It's worth pointing out that this design pattern only makes sense when the
entire system lives under one administrative domain. Google owns all of the
servers that make up GoogleFS; a cloud provider owns all of the Hadoop nodes
in its datacenters; a PaaS provider owns all of its NoSQL datastore nodes;
etc. We see a similar pattern at work in Puppet, Chef, Ansible, Func,
certmanager, etc. as well.

Under these circumstances, it's desirable to maintain the authoritative state
in a logically centralized place for two reasons. First, doing so makes it
easy for the rest of the system to discover and query it. Second, it makes it
easier to keep authoritative state consistent with updates. Centralizing
control and distributing data lets you address control-plane concerns
separately and independently of data-plane concerns.
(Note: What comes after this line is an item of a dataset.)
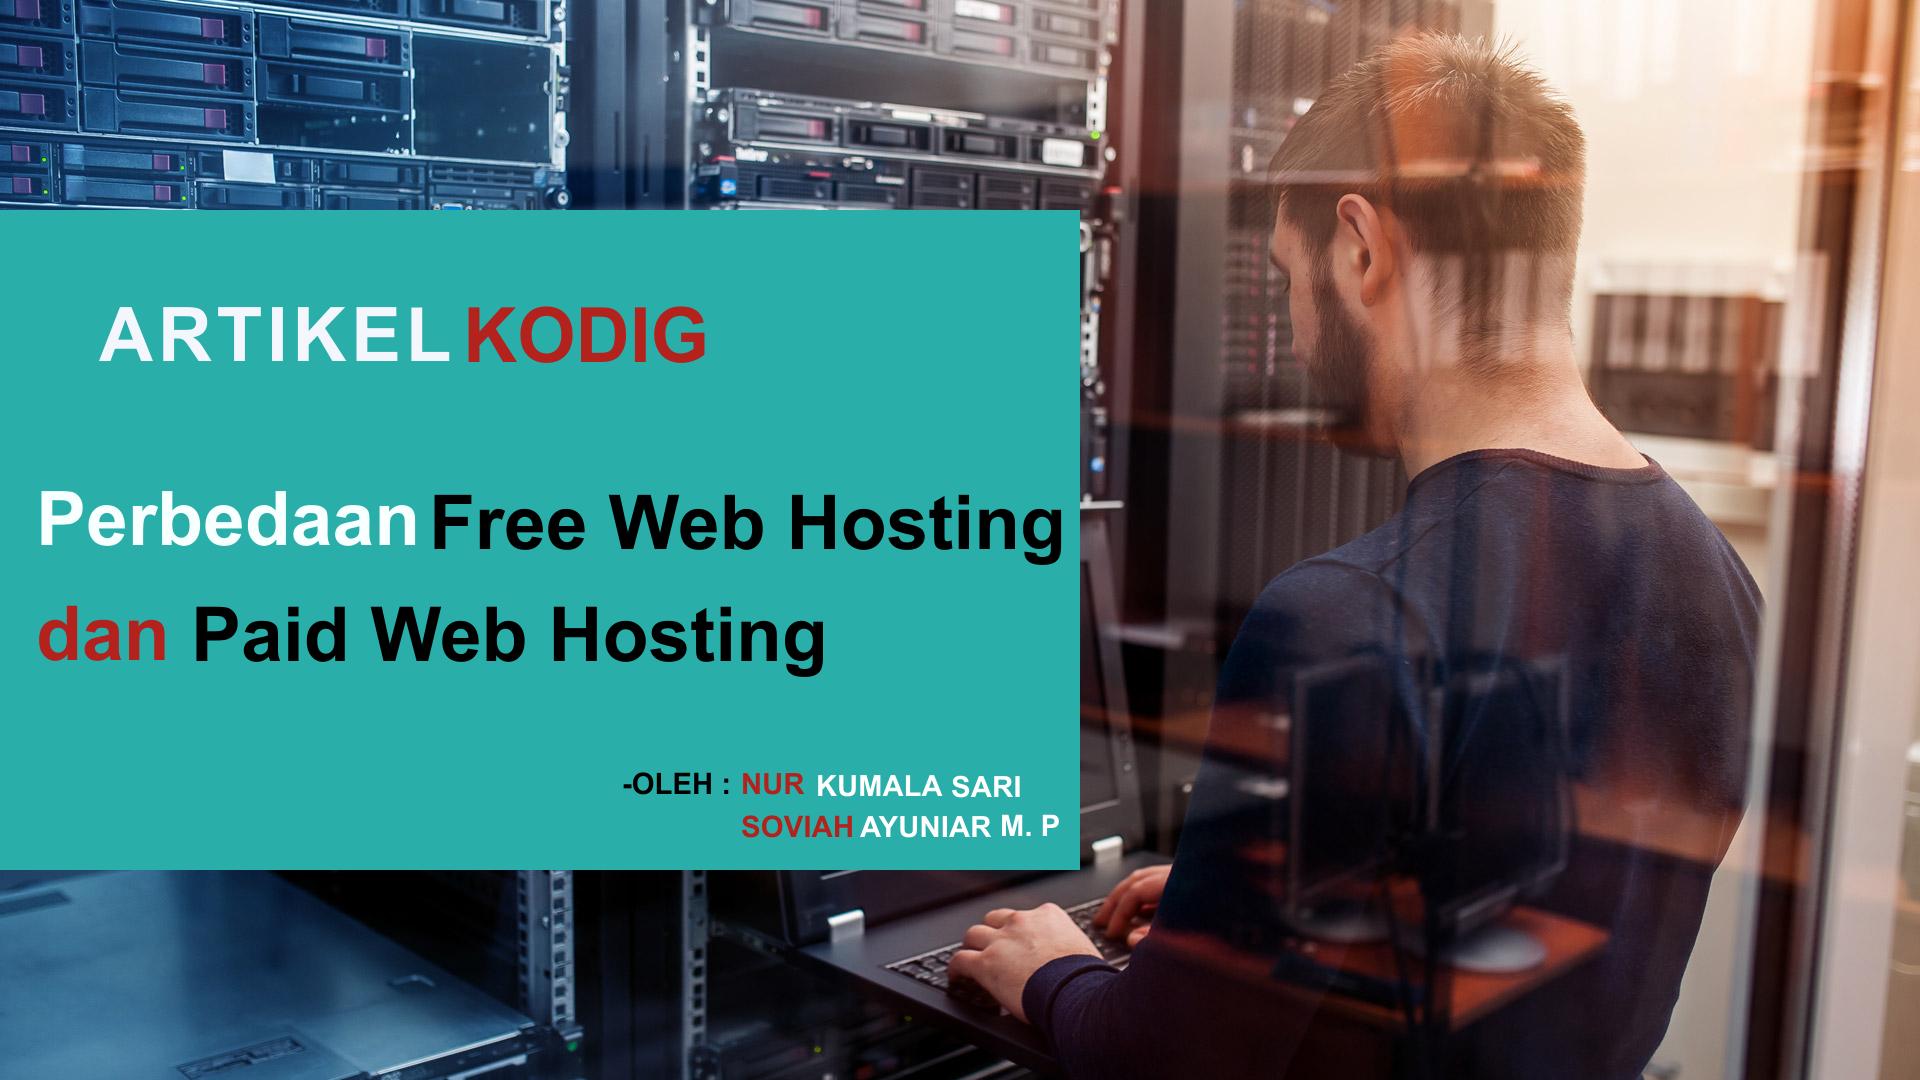 Perbedaan Free Web Hosting dan Paid Web Hosting

However, it stops making sense to centralize the authoritative state (control)
once you build a system that spans multiple administrative domains. Which
domain gets to host the authoritative state? How do you get the other domains
to act on it? Centralization won't work here, unless you can first get the
domains to agree on who's the controller (sacrificing their autonomy to decide
the state of the system).

We have addressed these concerns instead by distributing responsibility for
the authoritative state across domains, and devising a way for them to reach
consensus on it. DNS does this by delegating authority for name bindings
hierarchically. The Internet maintains routing state by having each AS learn
and advertise routes to each other AS via BGP. Bitcoin maintains the
blockchain (its authoritative state) by having a majority of nodes agree on
the sequence of blocks added to it. DHTs work by sharding the key space AND
routing state across their participants.

It's hard to achieve consensus (and react to changes) in these multi-domain
settings versus the single-domain setting since you can't force every domain's
replicas to agree. However, this is a _feature_ \--no one but the computer's
owner should have the final say on the state it hosts. Naturally, multi-domain
systems must account for this in their design--something that Google's
internal systems can safely ignore.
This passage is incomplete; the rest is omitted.